Milliyetçi değil, rekabetçi
Başbakanın bu çelişkisi siyaseten açıklanabilir olsa da anlaşılamayan, kısa vadeli çıkar uğruna yerli üreticilerin çoğunun ‘yerli ürün kullanımı’ kararını alkışlaması, dünyayla rekabet edemediği sürece ayakta kalamayacağını unutmuş olması.
Baksanıza, hükümetin kamuda yerli malı kullanımına öncelik vermesi için yayımladığı genelgeye iş dünyasından gelen desteğin haddi hesabı yok.

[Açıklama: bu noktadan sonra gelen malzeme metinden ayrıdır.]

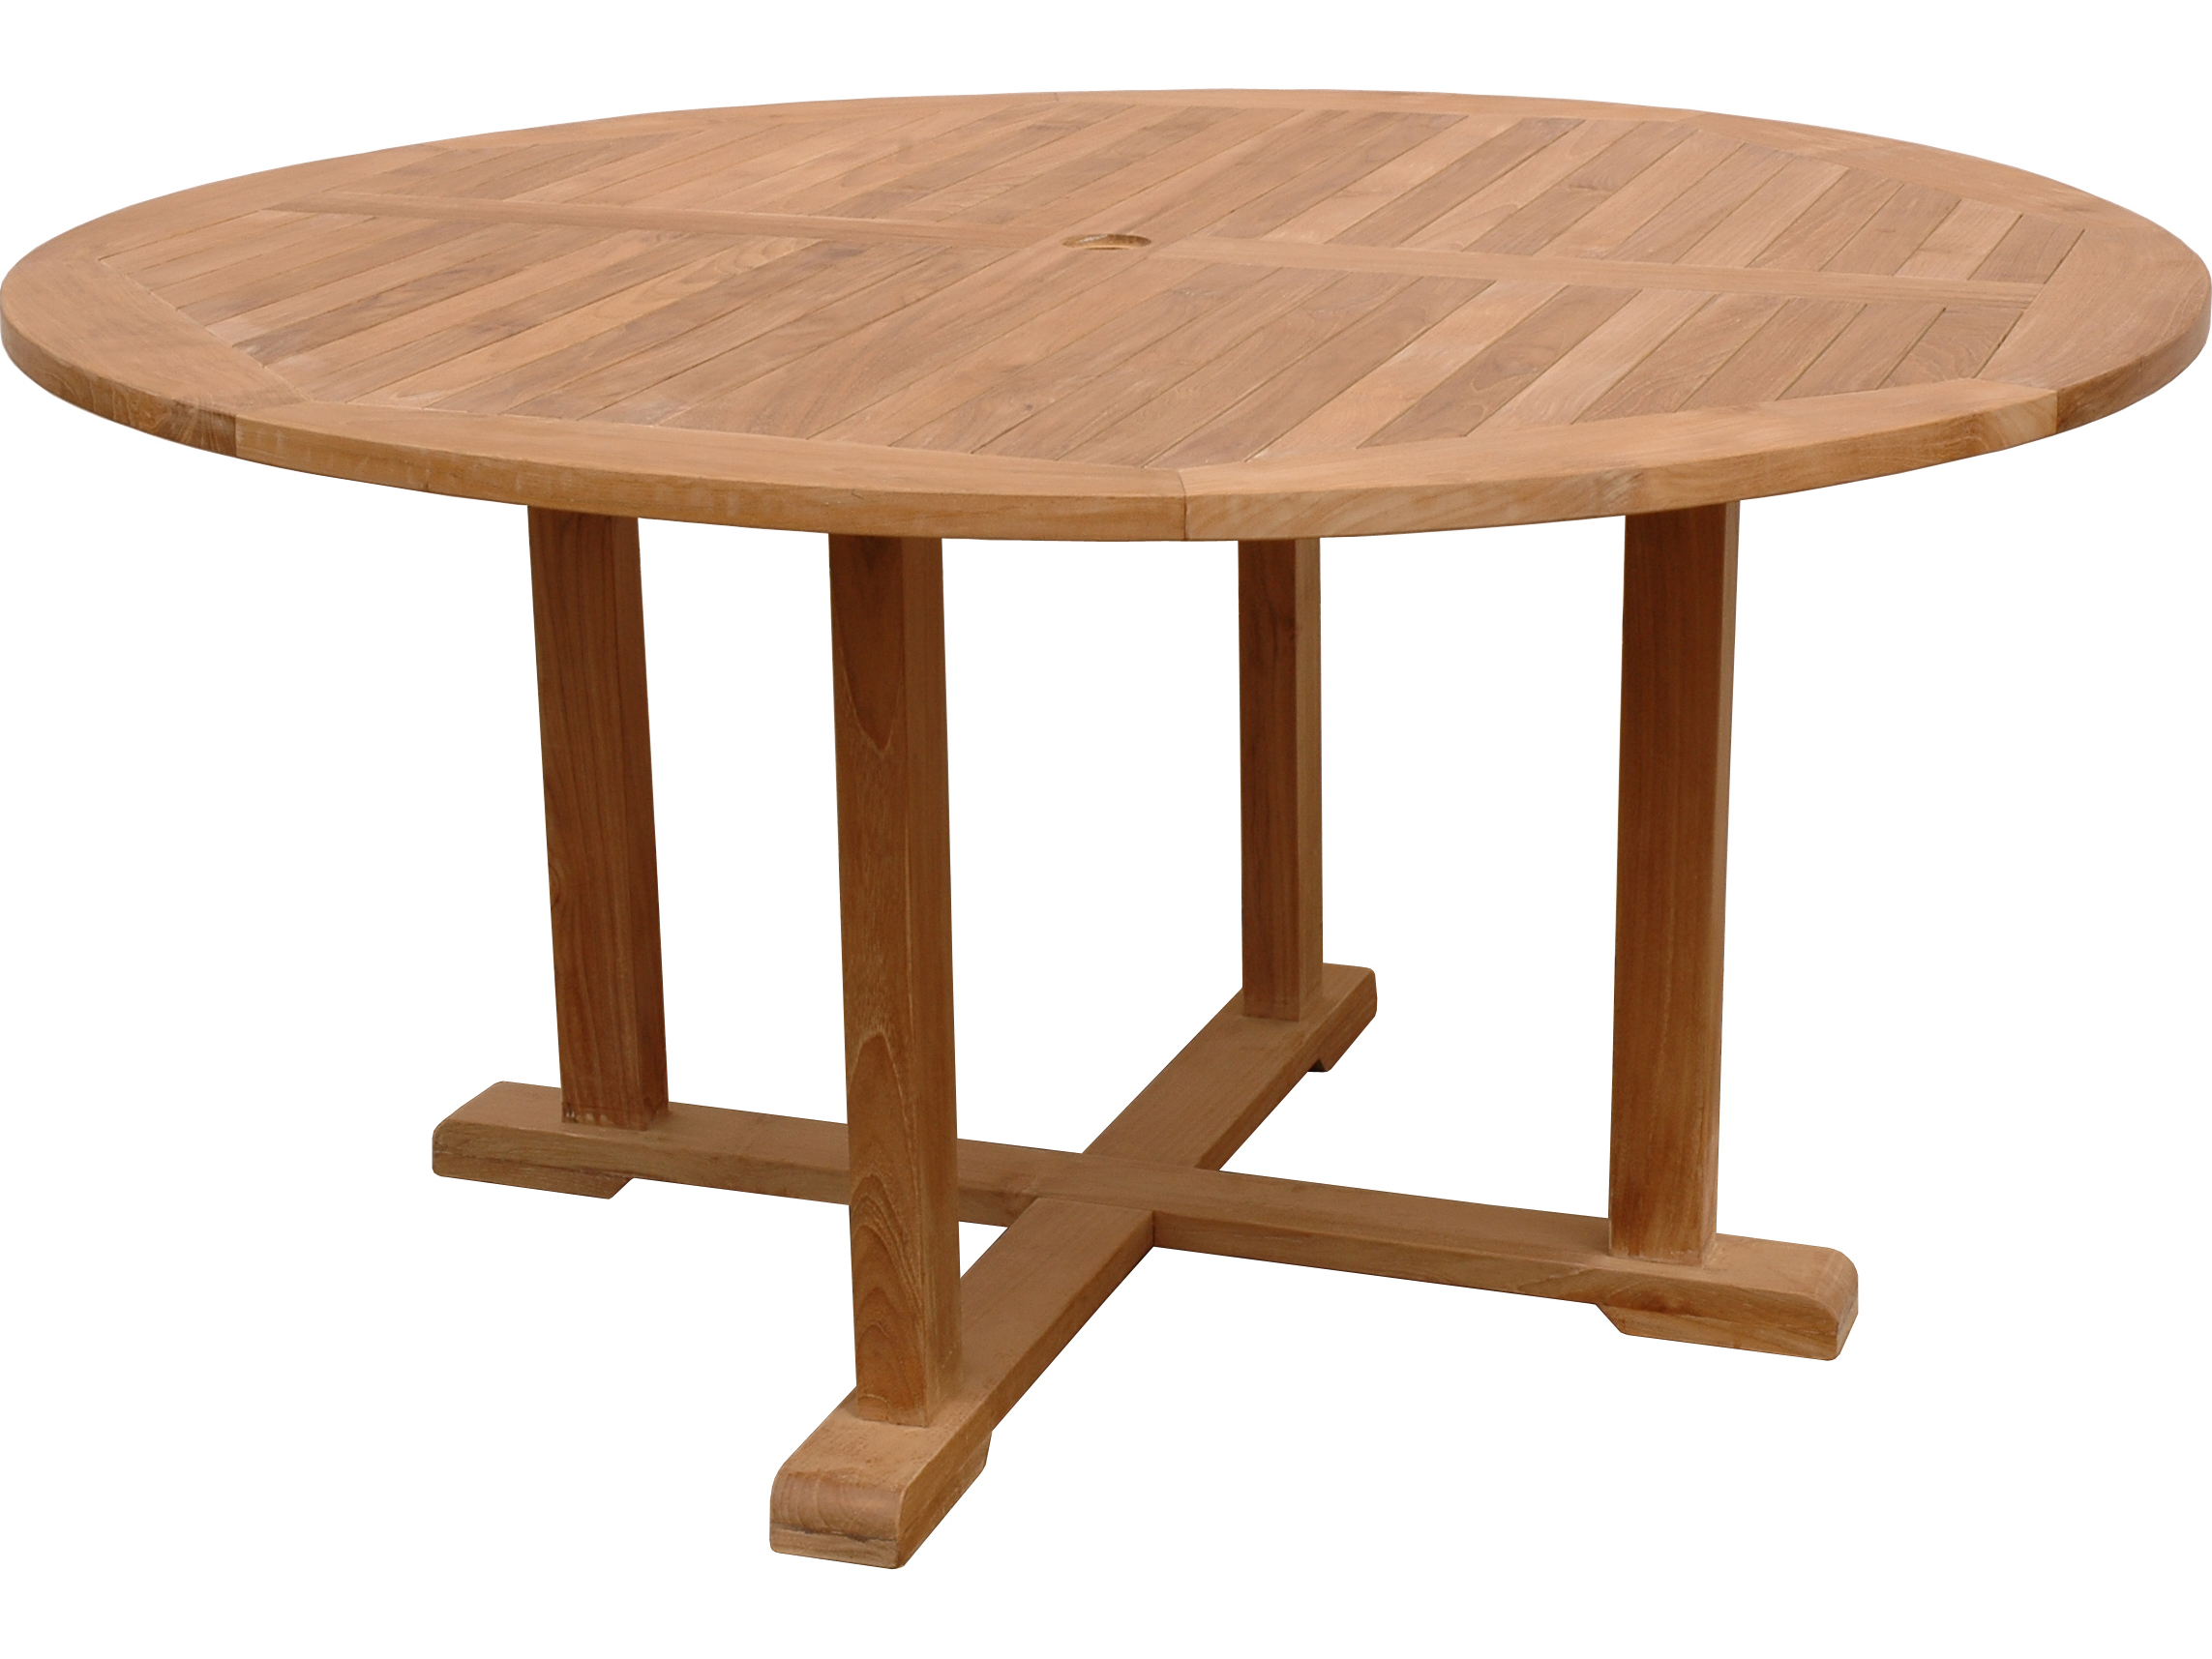 Anderson Teak Tosca 5 Foot Round Table Aktb005rf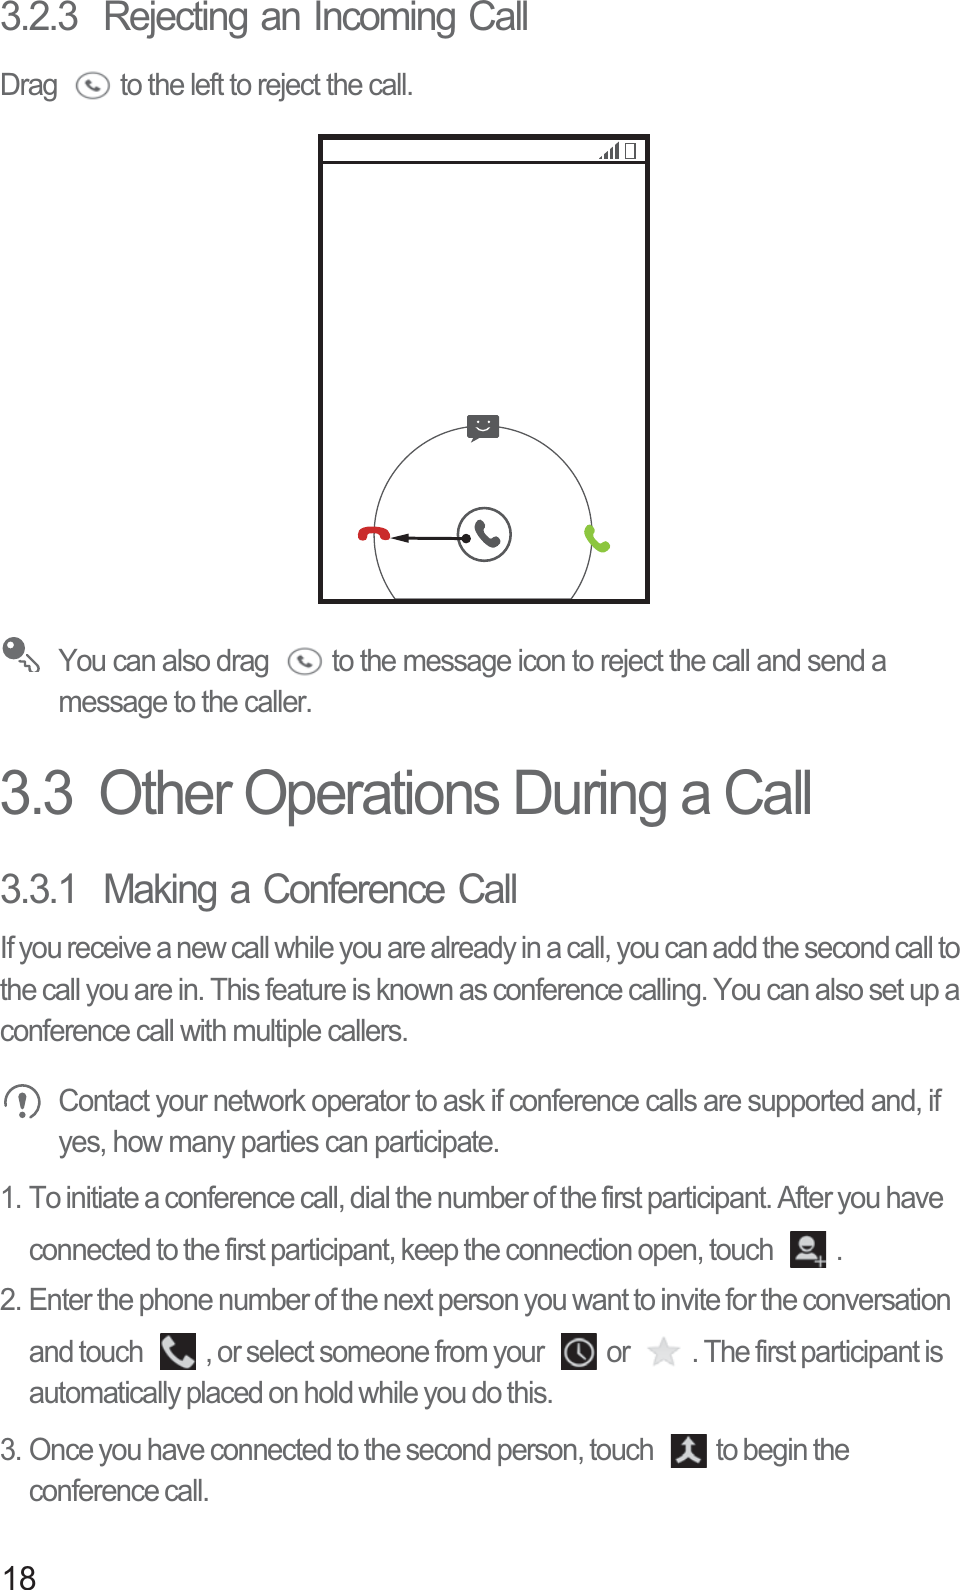 183.2.3  Rejecting an Incoming CallDrag  to the left to reject the call. You can also drag  to the message icon to reject the call and send a message to the caller. 3.3  Other Operations During a Call3.3.1  Making a Conference CallIf you receive a new call while you are already in a call, you can add the second call to the call you are in. This feature is known as conference calling. You can also set up a conference call with multiple callers. Contact your network operator to ask if conference calls are supported and, if yes, how many parties can participate.1. To initiate a conference call, dial the number of the first participant. After you have connected to the first participant, keep the connection open, touch  .2. Enter the phone number of the next person you want to invite for the conversation and touch  , or select someone from your  or  . The first participant is automatically placed on hold while you do this.3. Once you have connected to the second person, touch  to begin the conference call.

Tüketicilerin istekleri doğrultusunda rekabet gücünü oluşturan kaliteli ve ucuz mal üretimi sağlamak yerine, devletin ağzının içine bakanlar bu küresel rekabet dünyasında ne kadar dayanabilir ki? Bu ‘devasa’ firmaların bunu bilmemesi mümkün mü?
Kişilerin ve firmaların bilgi ve becerilerinin tümünü kullanmaya teşvik eden, daha fazla gayrete özendiren rekabet olmazsa, ekonomik aktörler, ‘kaliteli üretimi, ucuzu aramak’ yerine, ‘kazıklanmamayı’ öğrenmeye çalışmak zorunda kalacaklar korkarım ki. ‘Yerli malı’ kâbusunun hortlamasının bize en büyük kötülüğü de bu olacak.
Genelge büyütür mü?
Şunun şurasında bir iki gün önce OECD, 2011’de Türkiye ekonomisindeki büyümenin yavaşlayarak yüzde 6,5’e ineceğini öngördü. Aynı saatlerde Başbakan Yardımcısı Ali Babacan, ‘asıl riskin enflasyon değil durgunluk olduğunu, 2012 için yüzde 5’in altında büyümenin sürpriz olmaması gerektiğini’ söylüyordu…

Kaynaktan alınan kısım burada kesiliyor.